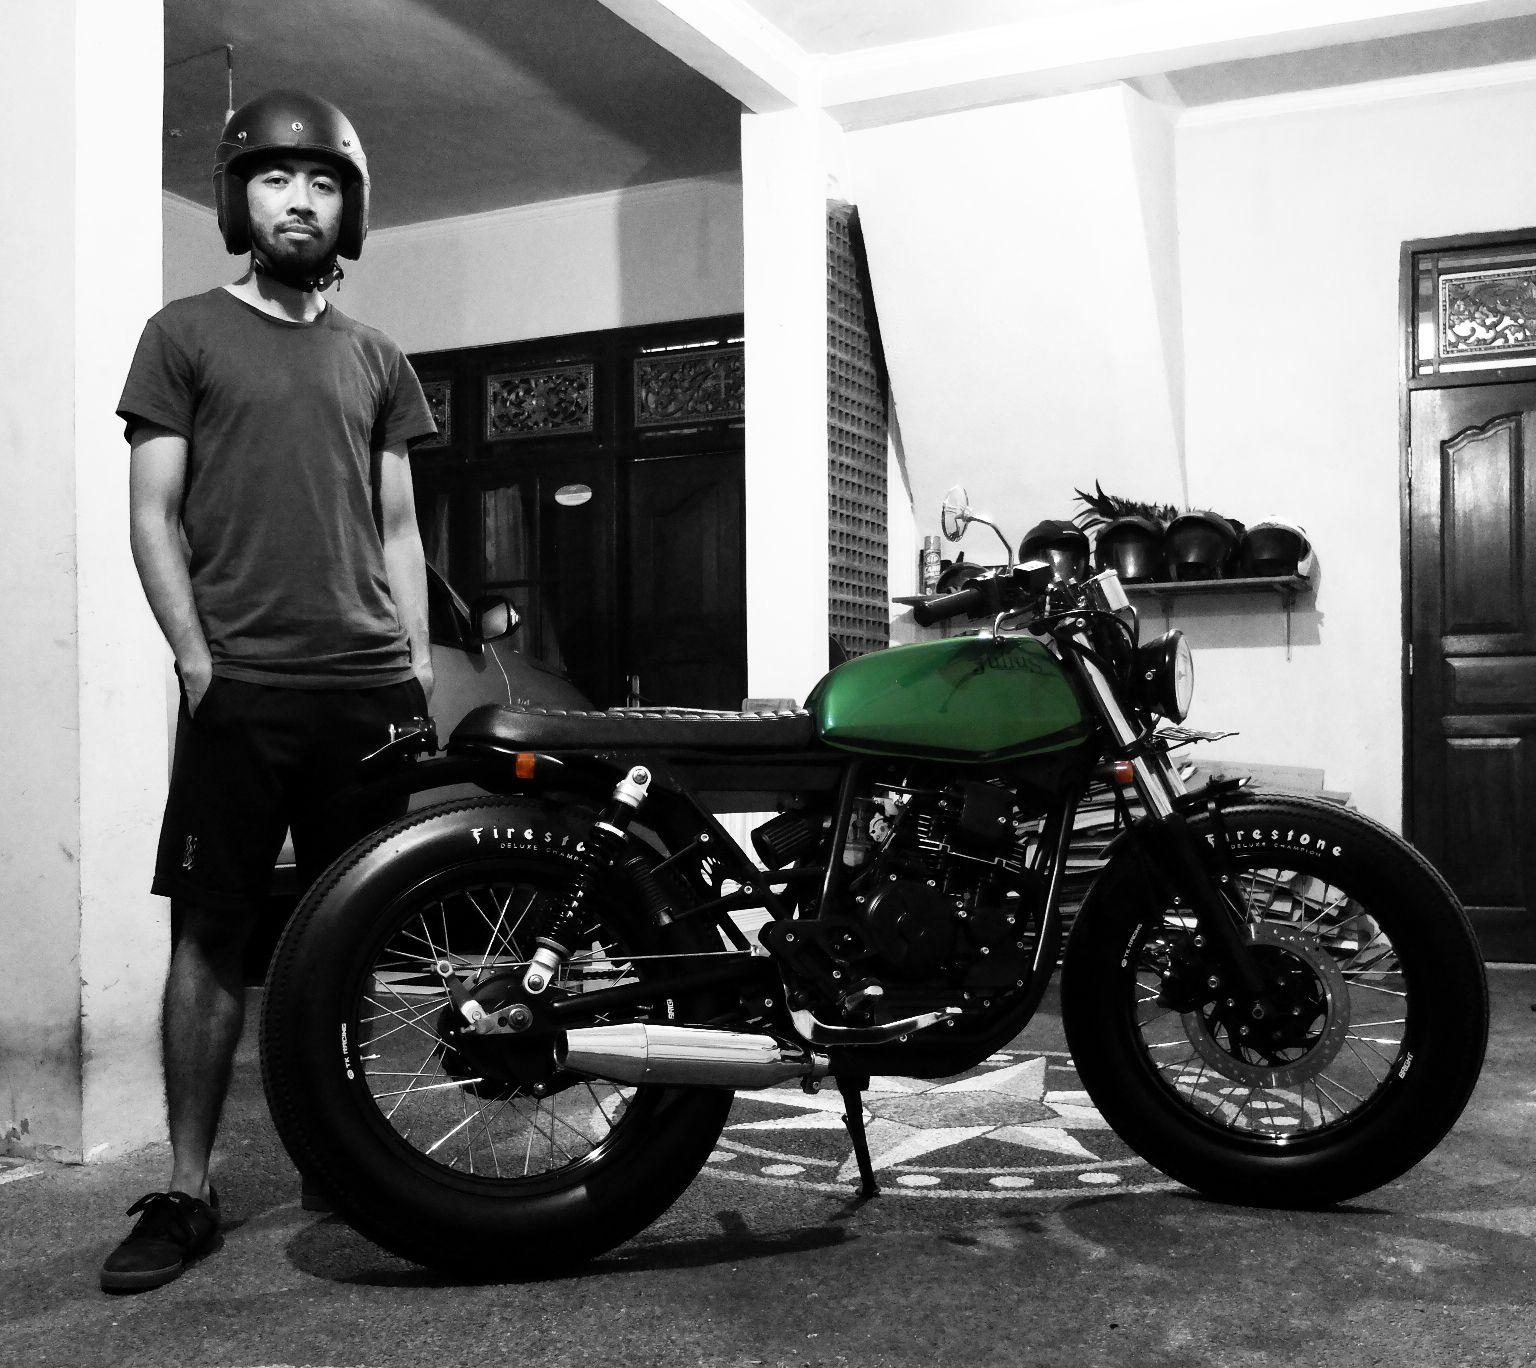 Green Tank Julius Bratstyle Bali Yamaha Scorpio 2013
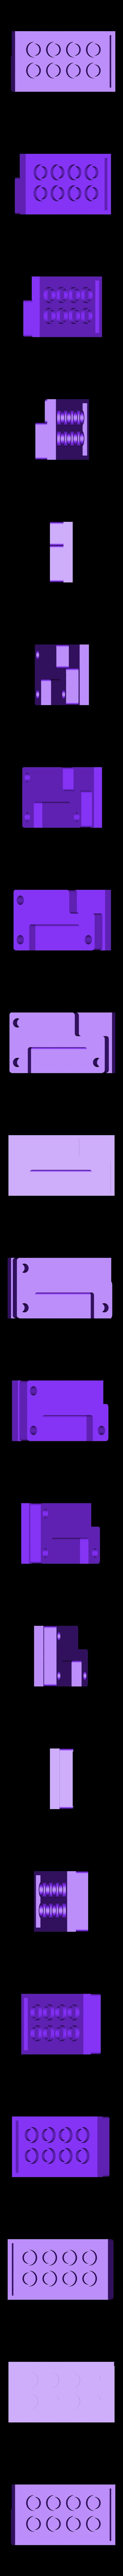 Flotilla_Motor_lego_holder.stl Download free STL file Pimoroni Flotilla lego motor holder • 3D printable object, squiqui
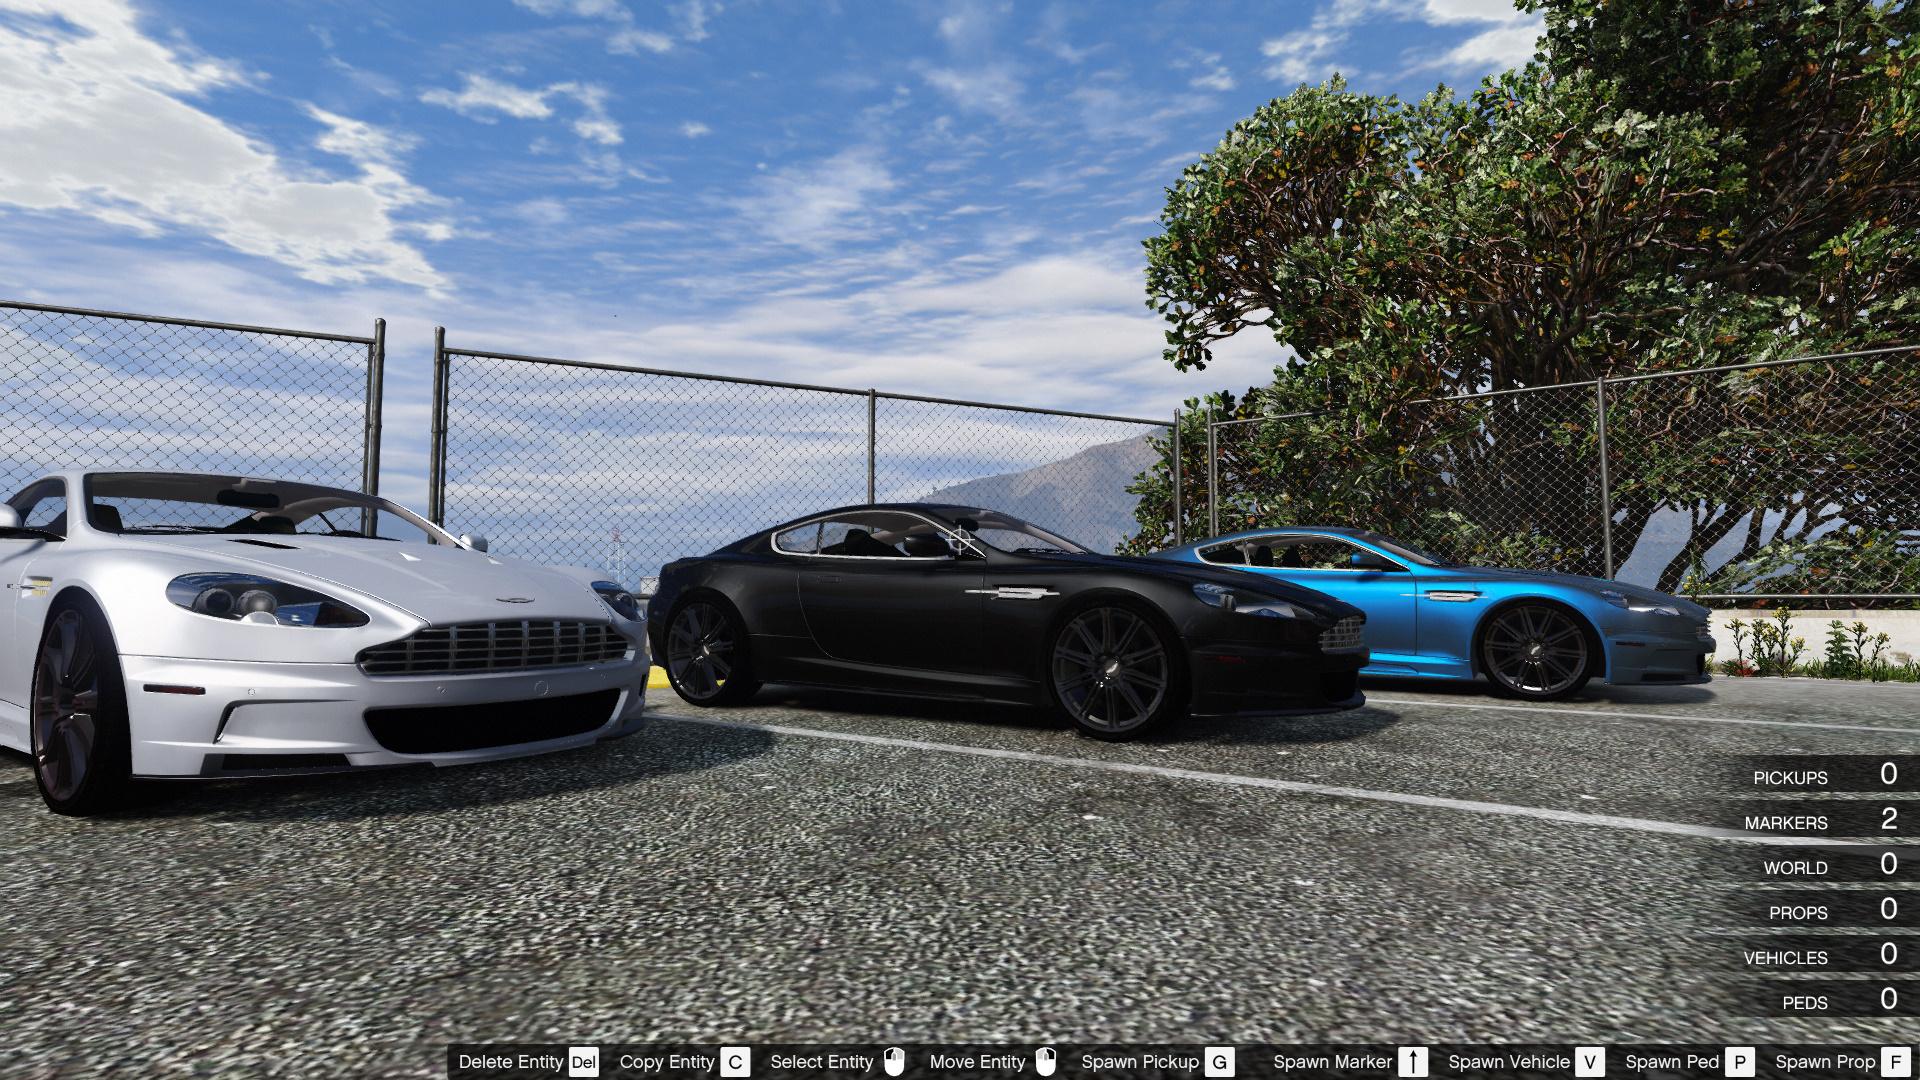 Aston Martin DBS 2008 [Add HQ 3D Engine] V4 0 GTA5 Mods

### YOUR GOAL
All that is needed is the span from the line with "Flotilla_Motor_lego_holder.stl Download free" through the last line of the material above, reproduced exactly and free of pictures.

### ANSWER TO THE EXERCISE
 Flotilla_Motor_lego_holder.stl Download free STL file Pimoroni Flotilla lego motor holder • 3D printable object, squiqui
 Aston Martin DBS 2008 [Add HQ 3D Engine] V4 0 GTA5 Mods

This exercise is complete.